Recent speculation about the Conservative leadership is typical of the politics of an era in which populism and trivia trump (no pun intended) rational discussion of the most testing questions.
Any choice between May, Johnson, Davis and Rees-Mogg feels something like making a selection from a Brexit colour chart. There’s only an option between hard and soft Brexit, or posh and not quite so posh.
No one presents an inspiring but plausible post-2019 vision of the role of government in a digital age and how economic fairness can be facilitated (Ms May has at least addressed such issues, only never to successfully fully follow through with policy). The witticism of Johnson and Rees-Mogg is a Tory leadership issue; localism – as a means of empowering the population – is not.
This is not a criticism solely of the right. Labour appears drunk in an idealist fervour in which money can be thrown around and all the problems go away.

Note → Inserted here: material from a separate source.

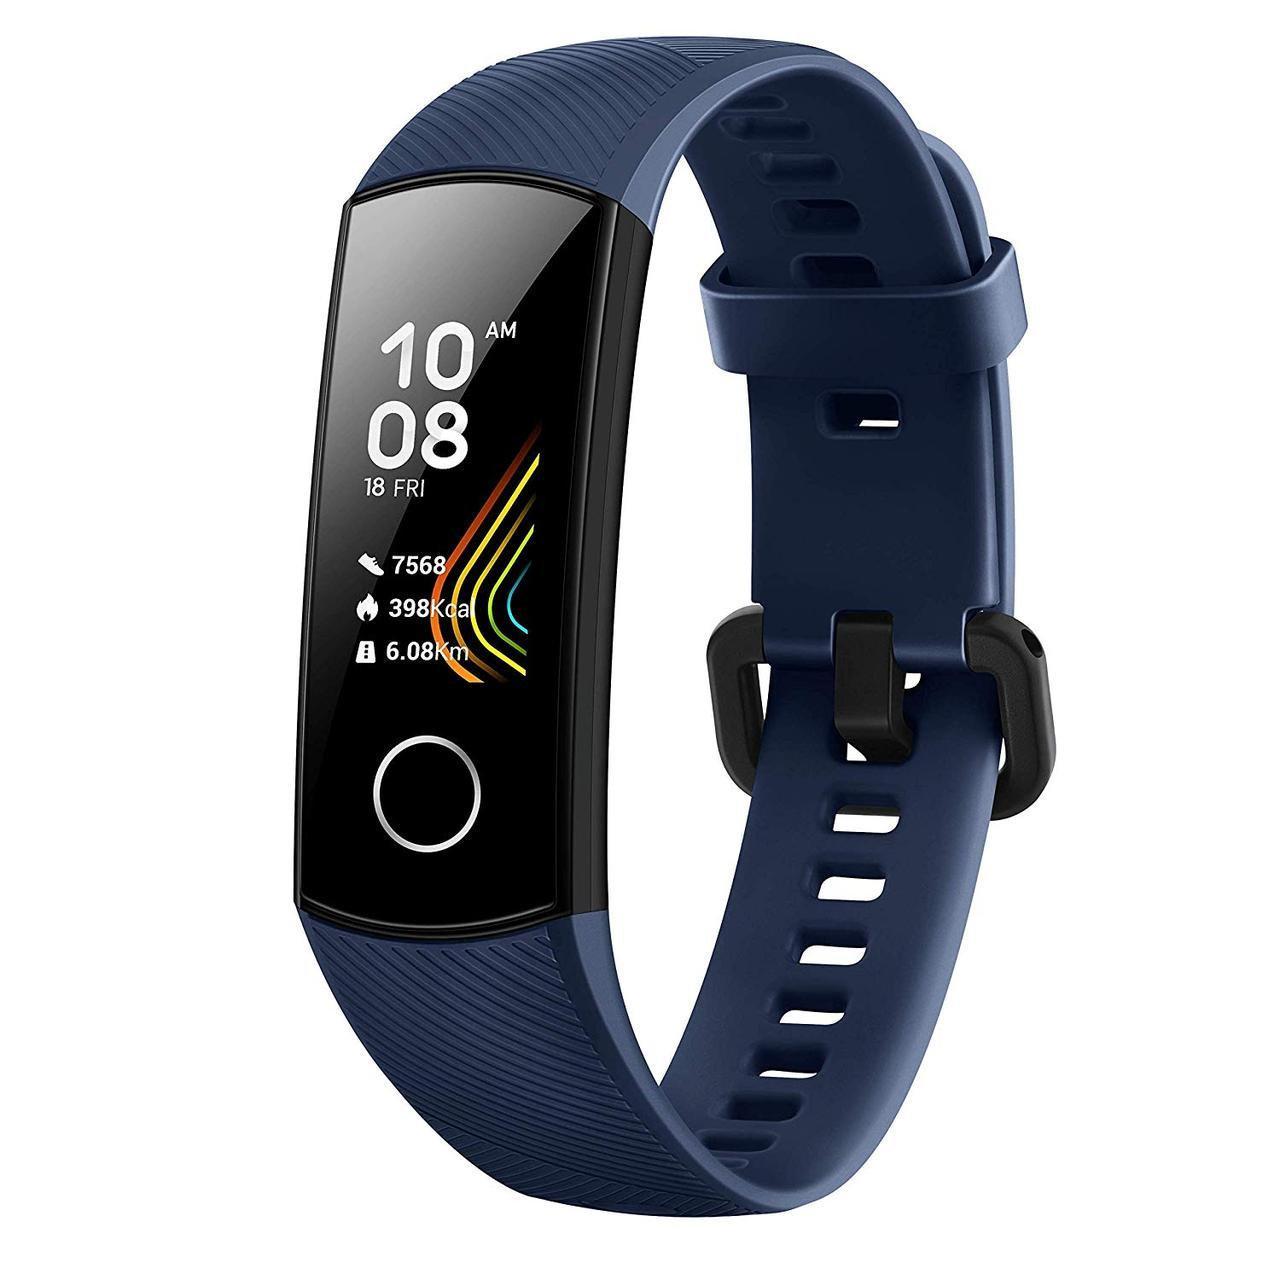 Фитнес-браслет Huawei Honor Band 5 с цветным 0,95 дюймовым AMOLED экран(копия)

The comments of a senior trade unionist at its party conference in relation to Birmingham City Council’s refuse strike that “it is not good enough for them to talk of hard decisions – that has no place in a socialist party” rather encapsulates Labour right now.
It is hardly surprising Jeremy Corbyn has caught the imagination of a younger generation. Across the West governing status quos have appeared clueless at supporting their populations. Few workable but fair, fresh ideas emerge from upon high.
If our greatest problem is ensuring fairness – in terms of distributing both wealth and opportunity – in an era of dizzying technological and economic change that pays no heed to governance boundaries, it is hard to believe Britain’s attempted revival of the nation state will prove successful.
The American solution of electing a billionaire to cut the taxes of the few in his own income bracket, and build barriers, may be even more unwise. The widespread revival of nationalist and populist politics, and blaming of immigrants, is thoroughly depressing.
When national leaders lose the plot it’s time for local and regional leaders to step into the breach. In the UK at least, they have seen their powers shorn and their financial freedom diminished. While, of course, they have no more ability to turn tides than their national counterparts, they are not necessarily as hamstrung by convention.
The central focus of the PM’s conference speech was a paltry £2bn for social housing. This drop in the ocean is too small to make a real difference. The fact that it was Ms May’s flagship announcement demonstrates her lack of bravery and how bad economic news restricts her room for manoeuvre. It is no surprise that councils are set to snub the offer when the scale of the challenge is far greater than that. Councils will have to use their own guile to address big issues such as housing, not look to the centre.
Any Conservative leadership contest this side of Brexit would surely result in more of the same. We can only hope that after 2019 there can be a far-reaching debate of Britain’s new course.